The Angel and Daniel Johnston (Excerpt from DVD feat: Danile supported by James & Adem)
Although Adrian and James recorded their parts for this release separately and took a determinedly lo-fi approach, in keeping with Johnston’s DIY ethic, this feels very complete and satisfying, perhaps benefitting from the comradeship that has developed through touring together. Adrian recalls that both had already started making scratchy recordings of Daniels songs by way of homework for the Barbican show. But in building on those, both also describe having fun with this and using techniques that they wouldn’t normally, thus grabbing odds and sods readily at hand to add sound effects and so forth.
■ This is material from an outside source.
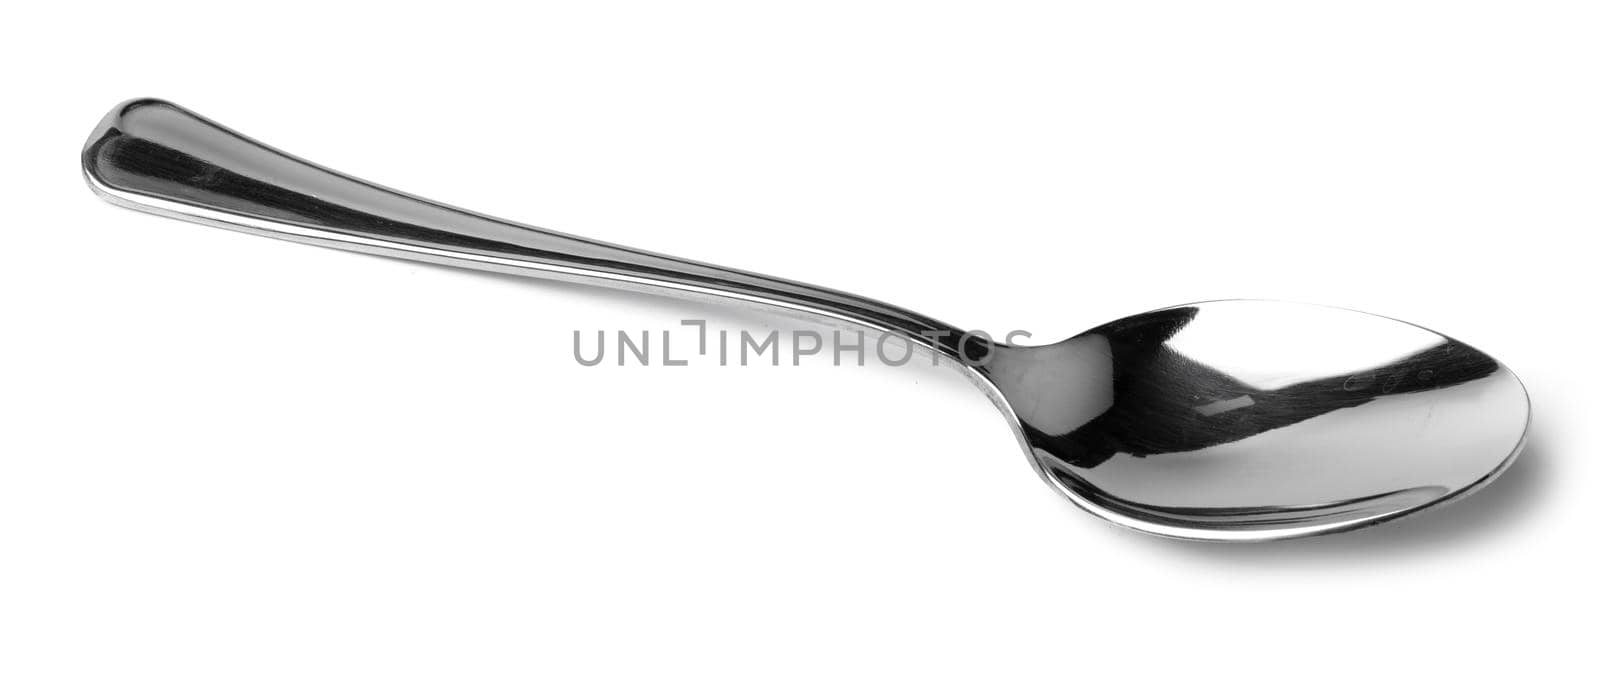 Silver spoon isolated on white background close up by Fabrikasimf

The results were sent to and fro until deemed complete.
Whether you already have interest in Daniel or have it sparked by this release, the record itself (and yes it does come on vinyl) is a lovely thing in its own right. The songs meander a course through sad, funny, mysterious and profound. It’s short sweet and perfectly formed. As you would expect from Adrian and James the vocals are exquisite, but the sonic tinkering is absorbing and intriguing without distracting. It sounds otherworldly and unique in its own right, yet paradoxically simpatico with Daniel himself.
You can’t help but wonder after the man who can write something as beautiful as the opener True Love Will Find You In The End, or the strangely titled Walking The Cow. A sense of the mental torture pops up in Monkey In The Zoo, making the difficulty of the limelight Daniel obviously experienced all the more poignant.
Credit then to Adrian’s label Chemikal Underground for giving this a proper release and possibly giving James, who has a guilty confession on his website, (tsk!), a little absolution. Further credit goes to them for sending out a vinyl copy for review, making the process all the more enjoyable. Further explorations of Daniels oeuvre may very well confound and/or delight in equal measure, so the run out groove of side two may well be the perfect place to let it rest, but that’s your choice. Of course the other prospect that this raises is whether future collaborations between Adrian and James might be forthcoming. Now there’s a thought worth hanging onto.